Looking good. We just picked up an SEL Premium and looking to get the side steps as well. How much did it run you in total? Thanks


----------



## shijmus (Oct 8, 2018)

Looks good, what is the ground clearance now?


----------



## DerekBlain (Nov 20, 2000)

JCWolf1.8T said:


> Looking good. We just picked up an SEL Premium and looking to get the side steps as well. How much did it run you in total? Thanks


$660 for the parts excluding the 15% visa gift card rebate I need to submit. Install was $270. Not cheap but the wife and grandma wanted this one so I was good to get it done. They look good. Gives it a beefier look for sure.


----------



## DerekBlain (Nov 20, 2000)

shijmus said:


> Looks good, what is the ground clearance now?
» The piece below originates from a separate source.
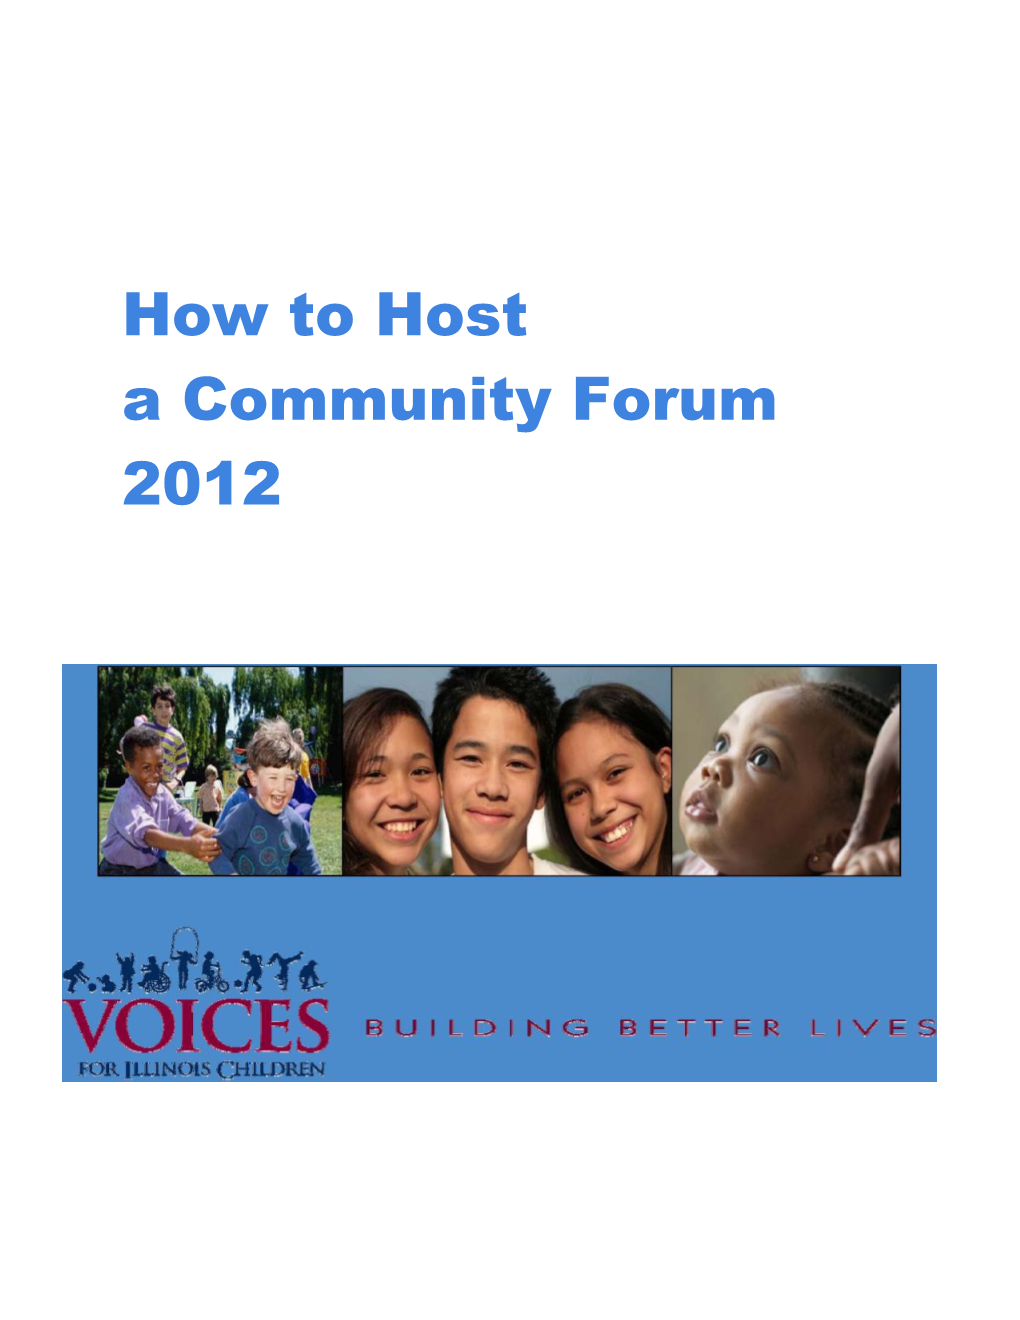 How to Host a Community Forum
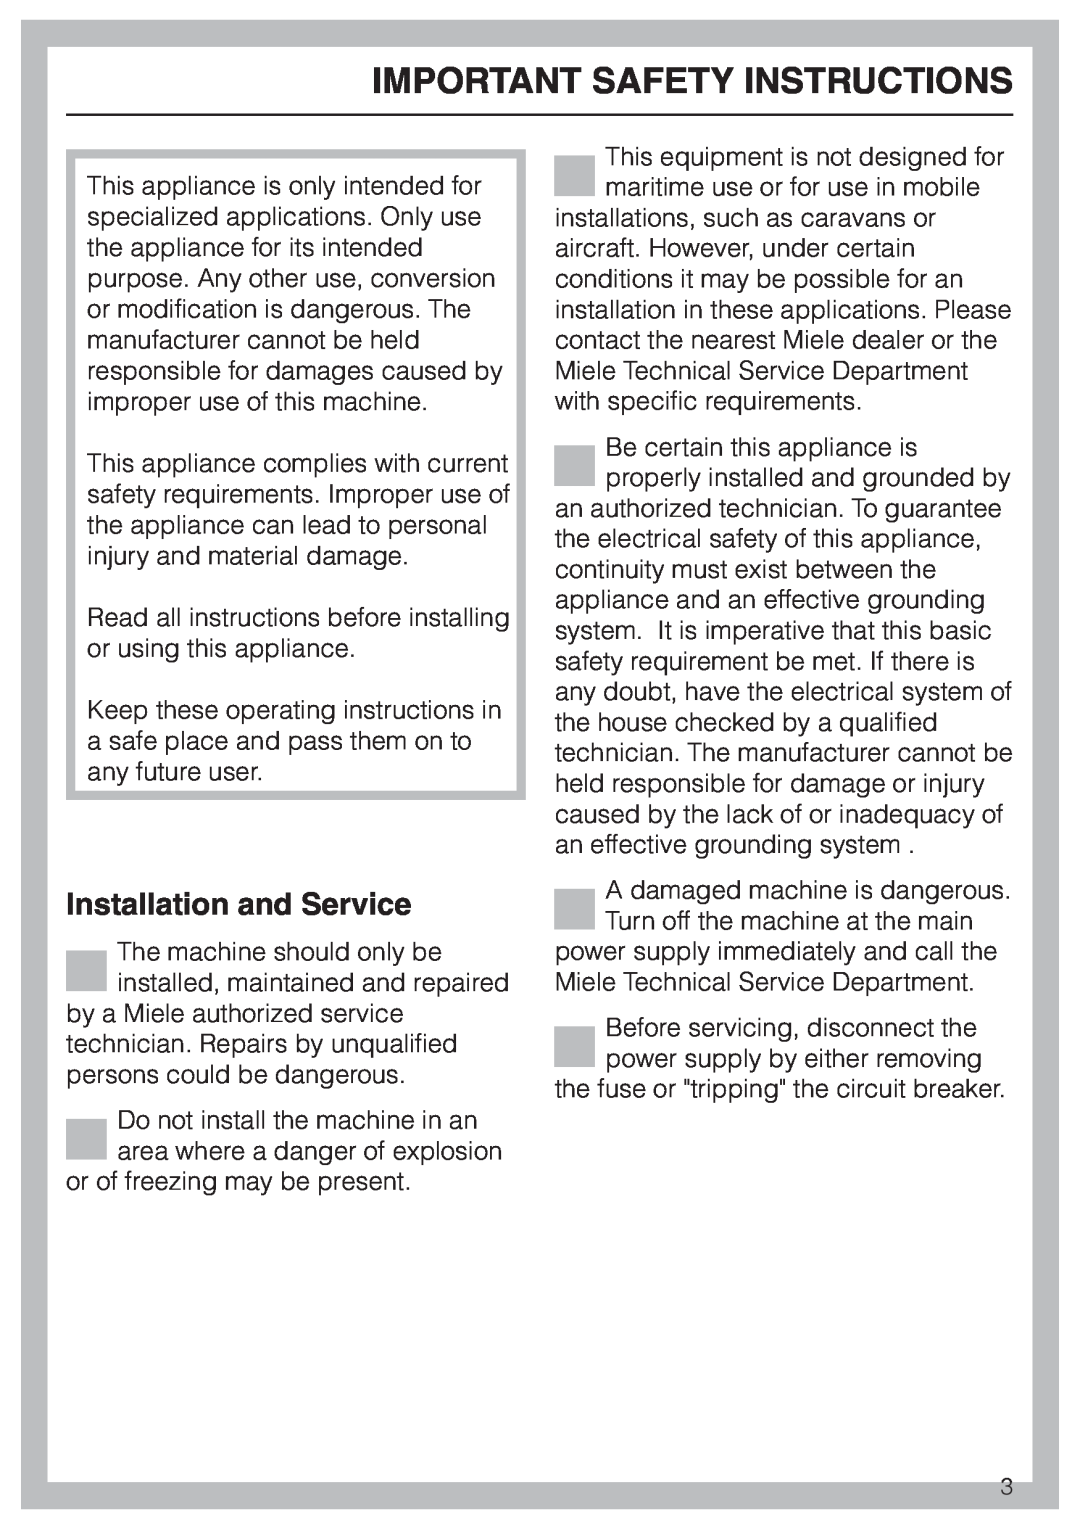 Miele G 7804 operating instructions Important Safety Instructions, Installation and Service

Ahhhh! So funny, that was the one question i never even considered! Its at 9" now. I think maybe 12" prior. All things considered I don't anticipate that to be a hindrance. I'm not too outdoorsy apart from a trip or two each season to Mammoth for some snow boarding .


----------



## TablaRasa (May 12, 2008)

Looks sweet! it pops out more with the black.


----------